■ **EXERCISE**
The records should be copied out again with no alteration.

━━━ DATA SUPPLIED

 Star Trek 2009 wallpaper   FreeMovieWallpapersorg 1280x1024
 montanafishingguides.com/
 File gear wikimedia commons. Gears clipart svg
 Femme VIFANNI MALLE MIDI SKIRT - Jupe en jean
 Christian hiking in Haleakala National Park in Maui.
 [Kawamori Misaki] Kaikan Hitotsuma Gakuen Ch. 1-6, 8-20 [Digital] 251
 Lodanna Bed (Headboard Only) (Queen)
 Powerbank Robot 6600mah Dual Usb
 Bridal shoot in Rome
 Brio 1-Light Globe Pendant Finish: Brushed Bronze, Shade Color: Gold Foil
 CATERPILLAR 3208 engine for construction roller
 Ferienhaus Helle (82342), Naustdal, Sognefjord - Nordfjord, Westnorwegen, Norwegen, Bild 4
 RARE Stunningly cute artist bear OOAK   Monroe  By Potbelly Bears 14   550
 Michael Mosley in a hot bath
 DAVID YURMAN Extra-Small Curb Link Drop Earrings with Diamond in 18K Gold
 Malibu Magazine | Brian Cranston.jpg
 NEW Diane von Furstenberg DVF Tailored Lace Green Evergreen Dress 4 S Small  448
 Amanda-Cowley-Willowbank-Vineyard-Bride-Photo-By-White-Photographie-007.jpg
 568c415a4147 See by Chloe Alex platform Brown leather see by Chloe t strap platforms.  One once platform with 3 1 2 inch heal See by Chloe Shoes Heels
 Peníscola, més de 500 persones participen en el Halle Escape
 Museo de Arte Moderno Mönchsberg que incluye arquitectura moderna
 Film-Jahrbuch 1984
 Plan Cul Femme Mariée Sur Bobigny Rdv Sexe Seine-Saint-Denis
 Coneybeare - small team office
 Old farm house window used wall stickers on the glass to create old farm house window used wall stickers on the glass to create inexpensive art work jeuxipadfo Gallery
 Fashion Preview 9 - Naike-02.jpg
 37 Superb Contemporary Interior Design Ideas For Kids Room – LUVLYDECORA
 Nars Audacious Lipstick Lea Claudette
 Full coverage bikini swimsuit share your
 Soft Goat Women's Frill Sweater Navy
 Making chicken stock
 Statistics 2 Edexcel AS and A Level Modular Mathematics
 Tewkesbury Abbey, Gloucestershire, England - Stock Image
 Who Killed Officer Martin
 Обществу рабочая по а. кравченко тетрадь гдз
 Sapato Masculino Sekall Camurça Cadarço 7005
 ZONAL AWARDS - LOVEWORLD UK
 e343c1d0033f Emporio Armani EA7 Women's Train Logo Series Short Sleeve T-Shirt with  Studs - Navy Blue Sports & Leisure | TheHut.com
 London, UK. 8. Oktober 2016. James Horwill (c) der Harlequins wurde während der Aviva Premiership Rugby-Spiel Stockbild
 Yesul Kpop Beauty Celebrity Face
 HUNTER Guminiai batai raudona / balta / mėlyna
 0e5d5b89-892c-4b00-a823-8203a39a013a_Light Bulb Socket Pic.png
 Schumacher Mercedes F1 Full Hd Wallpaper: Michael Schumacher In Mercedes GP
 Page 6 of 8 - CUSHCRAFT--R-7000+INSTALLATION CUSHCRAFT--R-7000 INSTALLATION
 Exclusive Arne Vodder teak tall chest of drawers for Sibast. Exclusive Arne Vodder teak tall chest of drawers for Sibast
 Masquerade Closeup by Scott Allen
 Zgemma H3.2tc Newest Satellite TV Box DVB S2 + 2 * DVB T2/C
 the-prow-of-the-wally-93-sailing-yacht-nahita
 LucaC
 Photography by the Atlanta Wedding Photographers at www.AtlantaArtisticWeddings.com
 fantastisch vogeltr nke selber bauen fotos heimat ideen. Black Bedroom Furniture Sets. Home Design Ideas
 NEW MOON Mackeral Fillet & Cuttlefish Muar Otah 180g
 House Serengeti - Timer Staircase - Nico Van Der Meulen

━━━━━━

■ **RESPONSE TO THE TASK**
 Star Trek 2009 wallpaper   FreeMovieWallpapersorg 1280x1024
 montanafishingguides.com/
 File gear wikimedia commons. Gears clipart svg
 Femme VIFANNI MALLE MIDI SKIRT - Jupe en jean
 Christian hiking in Haleakala National Park in Maui.
 [Kawamori Misaki] Kaikan Hitotsuma Gakuen Ch. 1-6, 8-20 [Digital] 251
 Lodanna Bed (Headboard Only) (Queen)
 Powerbank Robot 6600mah Dual Usb
 Bridal shoot in Rome
 Brio 1-Light Globe Pendant Finish: Brushed Bronze, Shade Color: Gold Foil
 CATERPILLAR 3208 engine for construction roller
 Ferienhaus Helle (82342), Naustdal, Sognefjord - Nordfjord, Westnorwegen, Norwegen, Bild 4
 RARE Stunningly cute artist bear OOAK   Monroe  By Potbelly Bears 14   550
 Michael Mosley in a hot bath
 DAVID YURMAN Extra-Small Curb Link Drop Earrings with Diamond in 18K Gold
 Malibu Magazine | Brian Cranston.jpg
 NEW Diane von Furstenberg DVF Tailored Lace Green Evergreen Dress 4 S Small  448
 Amanda-Cowley-Willowbank-Vineyard-Bride-Photo-By-White-Photographie-007.jpg
 568c415a4147 See by Chloe Alex platform Brown leather see by Chloe t strap platforms.  One once platform with 3 1 2 inch heal See by Chloe Shoes Heels
 Peníscola, més de 500 persones participen en el Halle Escape
 Museo de Arte Moderno Mönchsberg que incluye arquitectura moderna
 Film-Jahrbuch 1984
 Plan Cul Femme Mariée Sur Bobigny Rdv Sexe Seine-Saint-Denis
 Coneybeare - small team office
 Old farm house window used wall stickers on the glass to create old farm house window used wall stickers on the glass to create inexpensive art work jeuxipadfo Gallery
 Fashion Preview 9 - Naike-02.jpg
 37 Superb Contemporary Interior Design Ideas For Kids Room – LUVLYDECORA
 Nars Audacious Lipstick Lea Claudette
 Full coverage bikini swimsuit share your
 Soft Goat Women's Frill Sweater Navy
 Making chicken stock
 Statistics 2 Edexcel AS and A Level Modular Mathematics
 Tewkesbury Abbey, Gloucestershire, England - Stock Image
 Who Killed Officer Martin
 Обществу рабочая по а. кравченко тетрадь гдз
 Sapato Masculino Sekall Camurça Cadarço 7005
 ZONAL AWARDS - LOVEWORLD UK
 e343c1d0033f Emporio Armani EA7 Women's Train Logo Series Short Sleeve T-Shirt with  Studs - Navy Blue Sports & Leisure | TheHut.com
 London, UK. 8. Oktober 2016. James Horwill (c) der Harlequins wurde während der Aviva Premiership Rugby-Spiel Stockbild
 Yesul Kpop Beauty Celebrity Face
 HUNTER Guminiai batai raudona / balta / mėlyna
 0e5d5b89-892c-4b00-a823-8203a39a013a_Light Bulb Socket Pic.png
 Schumacher Mercedes F1 Full Hd Wallpaper: Michael Schumacher In Mercedes GP
 Page 6 of 8 - CUSHCRAFT--R-7000+INSTALLATION CUSHCRAFT--R-7000 INSTALLATION
 Exclusive Arne Vodder teak tall chest of drawers for Sibast. Exclusive Arne Vodder teak tall chest of drawers for Sibast
 Masquerade Closeup by Scott Allen
 Zgemma H3.2tc Newest Satellite TV Box DVB S2 + 2 * DVB T2/C
 the-prow-of-the-wally-93-sailing-yacht-nahita
 LucaC
 Photography by the Atlanta Wedding Photographers at www.AtlantaArtisticWeddings.com
 fantastisch vogeltr nke selber bauen fotos heimat ideen. Black Bedroom Furniture Sets. Home Design Ideas
 NEW MOON Mackeral Fillet & Cuttlefish Muar Otah 180g
 House Serengeti - Timer Staircase - Nico Van Der Meulen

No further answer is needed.